Using technology to save the healthcare system

The nation’s healthcare system is facing a financial crisis. It’s not big news. We’ve all known it for years. The planet (and the economy) is struggling to accommodate the largest population it’s ever had in a time when people are living longer than ever.

“Everyone agrees that something needs to change, but how it will change no one knows,” says associate professor Stephen Intille, who has joint appointments in the College of Computer and Information Science and the Bouvé College of Health Sciences. Most health care professionals agree that preventive medicine will be a large part of the solution, but developing the business models to make it happen will be more complicated.

Intille represents a growing group of researchers merging the computer and health sciences hoping to make preventive medicine easier and more viable as a healthcare approach. Traditionally so-called “health informatics” tools have been “physician facing.” They allow physicians to acquire, store, retrieve, and use patient information via a broad range of technology applications.

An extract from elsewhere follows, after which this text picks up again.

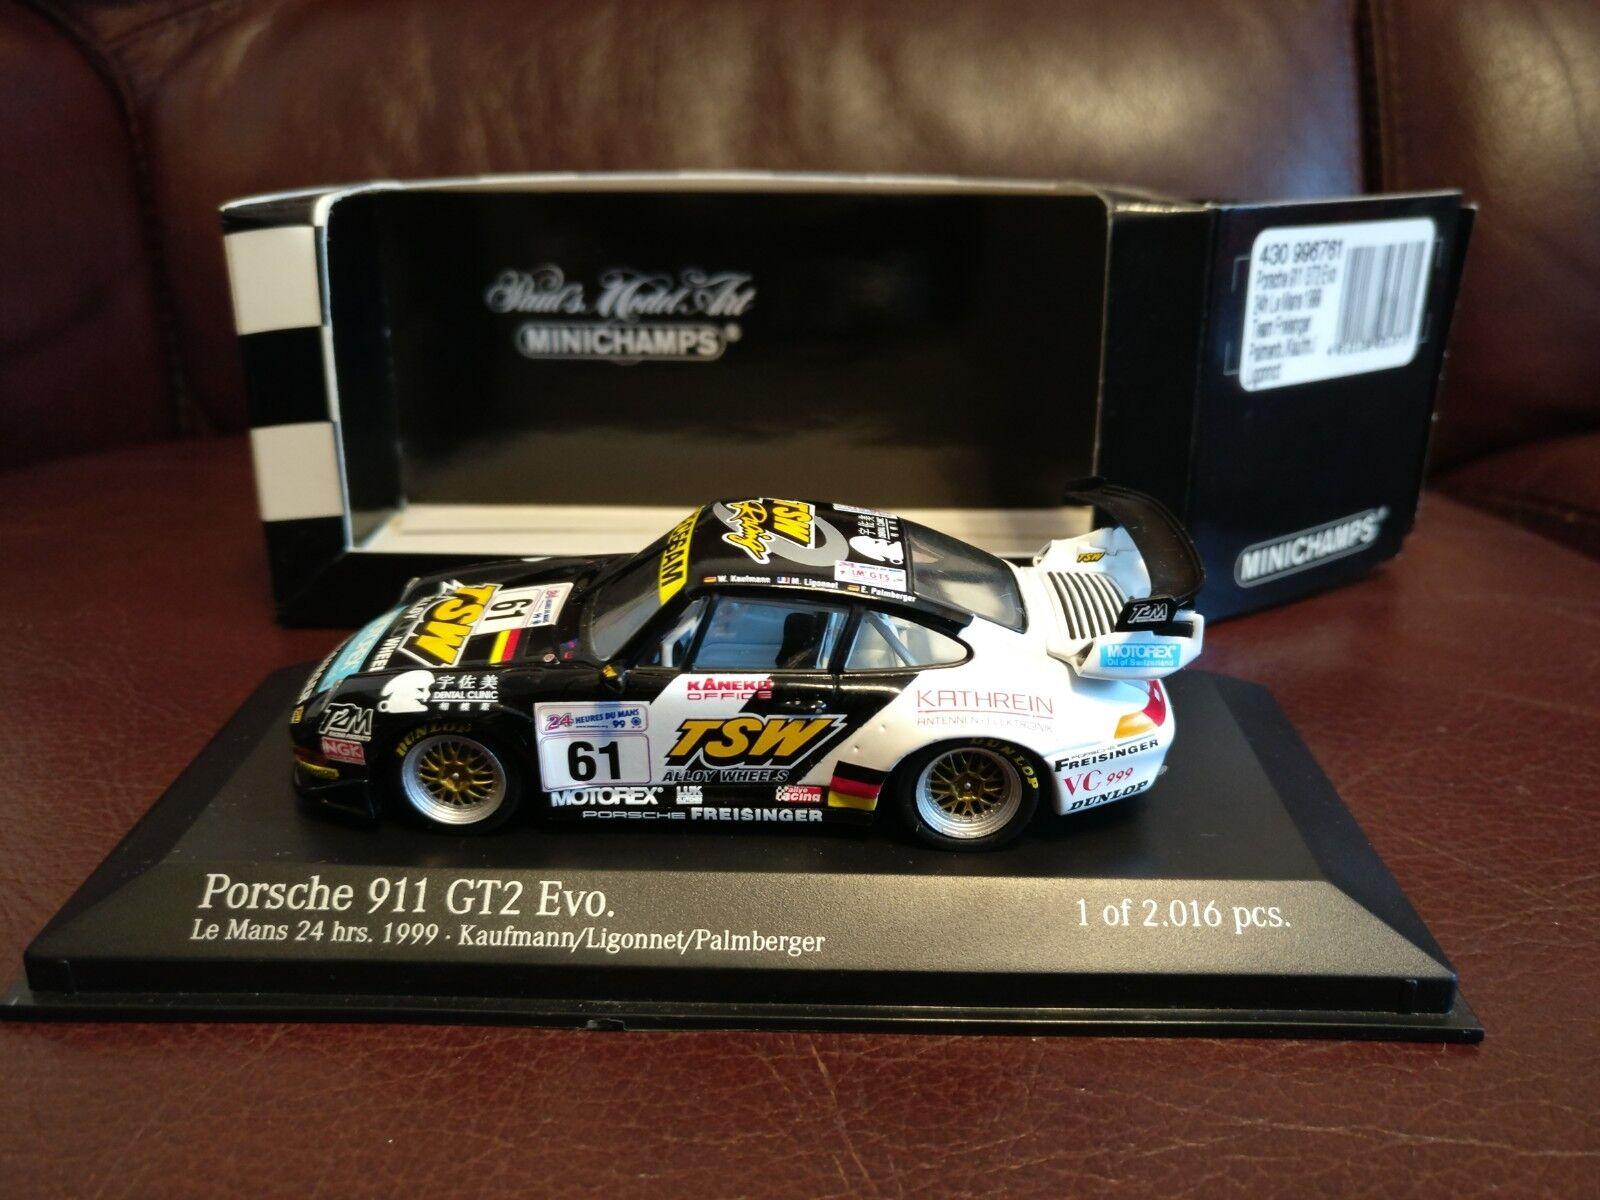 Minichamps PORSCHE 911 GT2 EVO (993) Le Mans 24 HR 1999  61 modello 1 43 MOLTO RARO

In it’s current incarnation, health informatics make things simpler for doctors when sick patients come to their offices.

While this works great for a “sick-care system,” Intille points out, it doesn’t do much in a “well-care system.” As such we need to rethink the field entirely. Intille and his colleagues in the new Personal Health Informatics (PHI) program are developing tools that patients can use in their home and daily life to promote healthy living.

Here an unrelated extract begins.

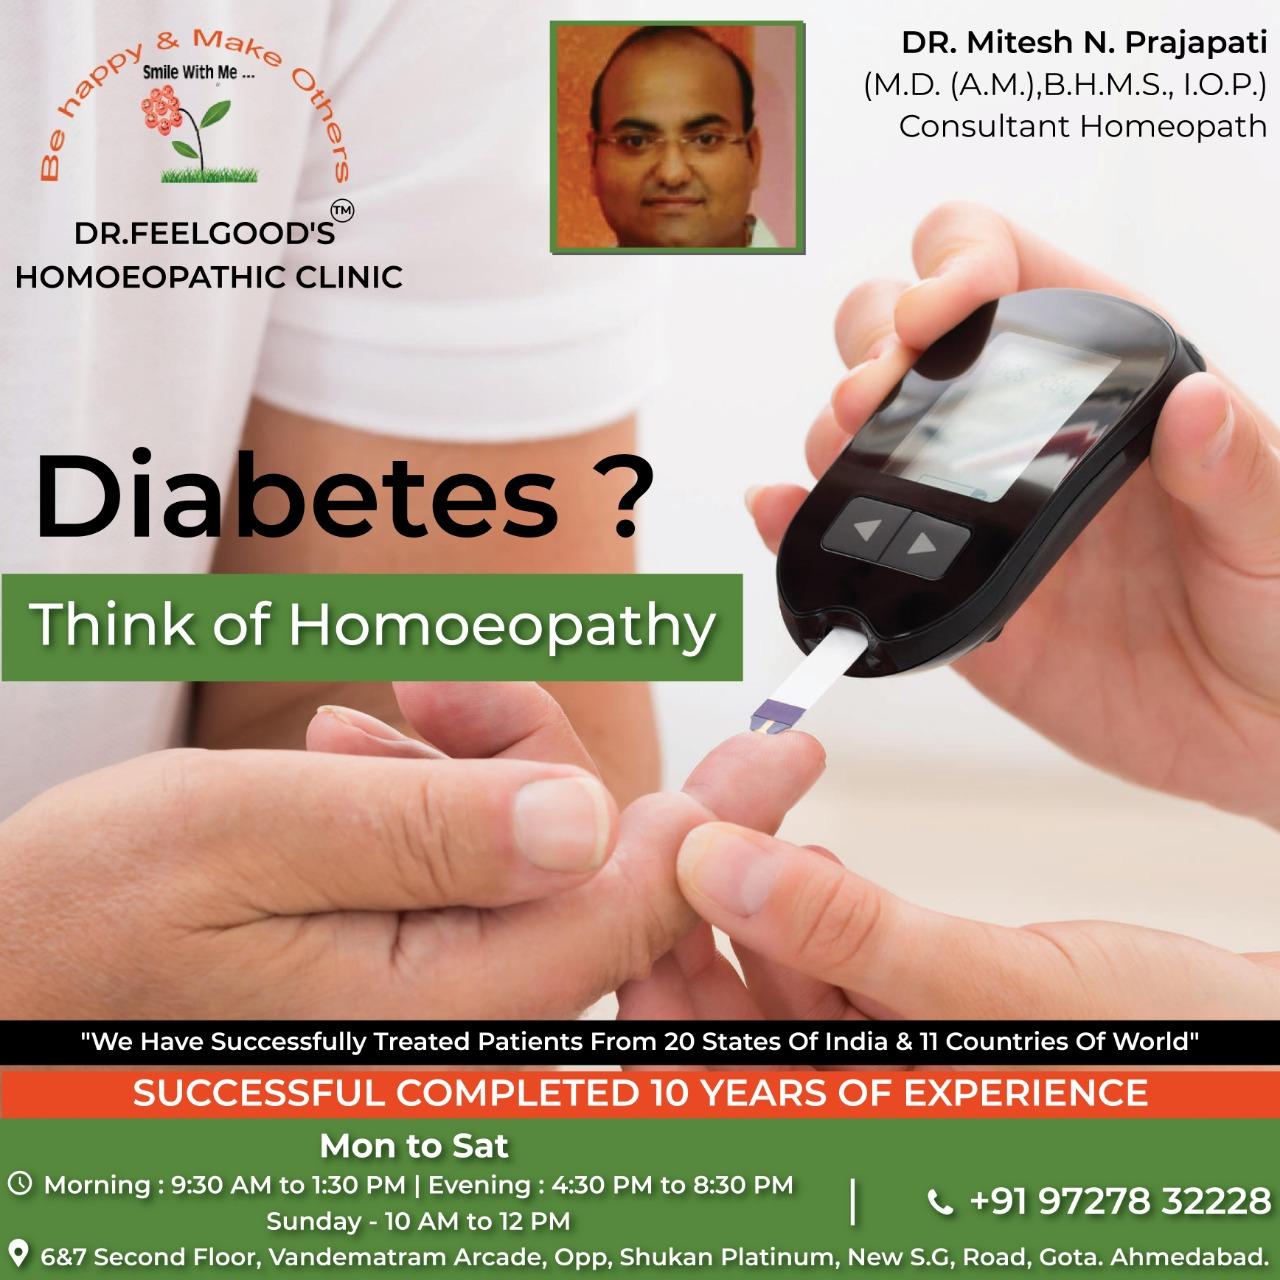 DR.MITESH PRAJAPATI- HOMEOPATHY FOR DIABETES (3)

We’re not talking about the magnets that yell at you every time you open the refrigerator door. PHI devices are either entirely passive, collecting data about your movements and habits without your paying attention, or use positive feedback to reinforce good behaviors.

PHI tools can also reduce the cost of healthcare by lowering the overhead required to carry out research into various sick patient groups as we attempt to design better treatments. For example, assistant professor Matthew Goodwin develops tools to help treat and diagnose autistic patients in a more efficient and economical way.

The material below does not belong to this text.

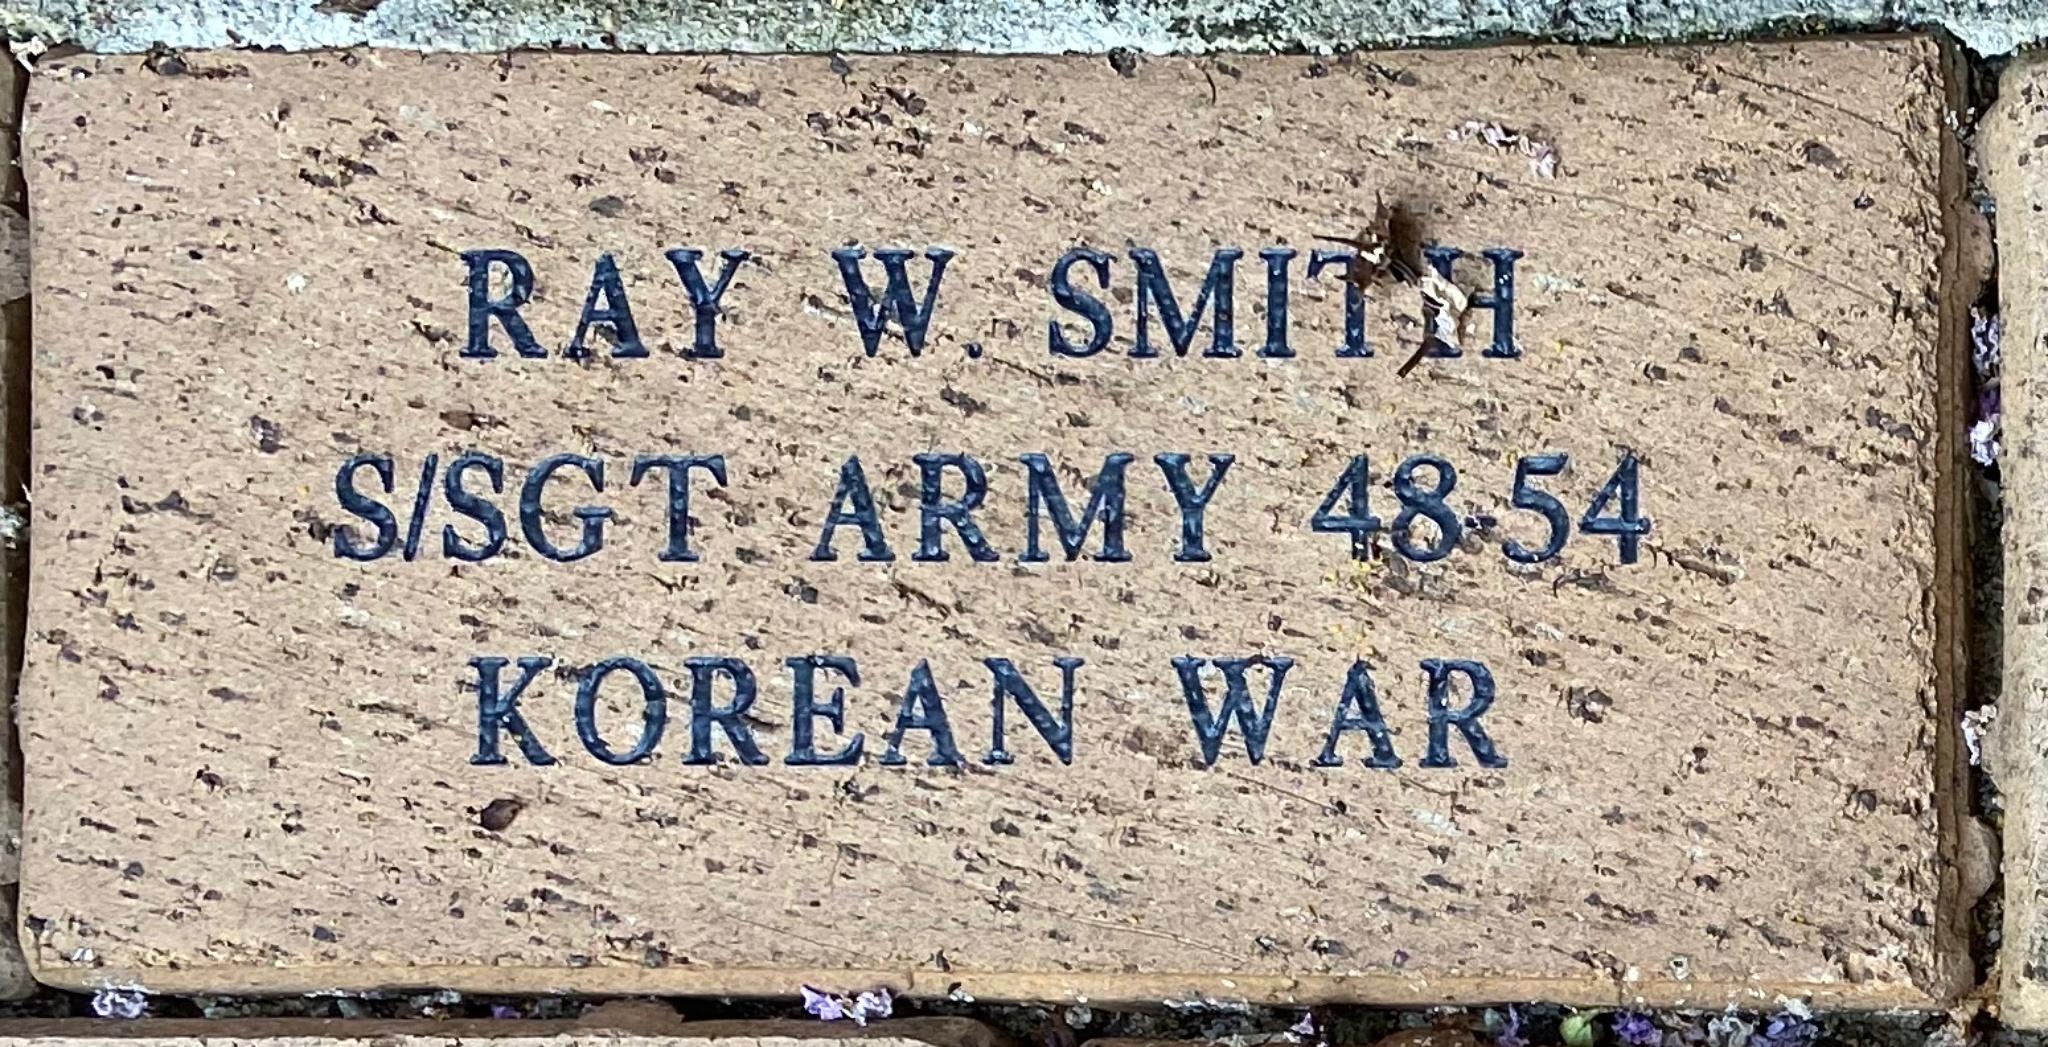 RAY W. SMITH S/SGT ARMY 48-54 KOREAN WAR

Associate professor Timothy Bickmore develops virtual coaches to intervene across the spectrum of health care — from preventive medicine, to outpatient care, to in-hospital care, to the transition home. “Heath behavior is responsible for a very significant chunk of the health care burden in the US,” he says. This means that both taking care of ourselves before we get sick and then doing the things we need to do when we are sick are both extremely important.

And both can be addressed through PHI devices. Northeastern’s new PhD program attracts students from the health care field who are interested in using technology to deliver better care, as well as technology specialists interested in health and wellness.”There are 30 plus masters and doctoral level programs in health informatics in the US,” says Goodwin. “All of them are within managed care or electronic medical records, developing tools to assist physicians. What distinguishes this program is that it’s about creating technology for the person who is getting ill or is ill.”

…Or preventing the well from getting ill in the first place.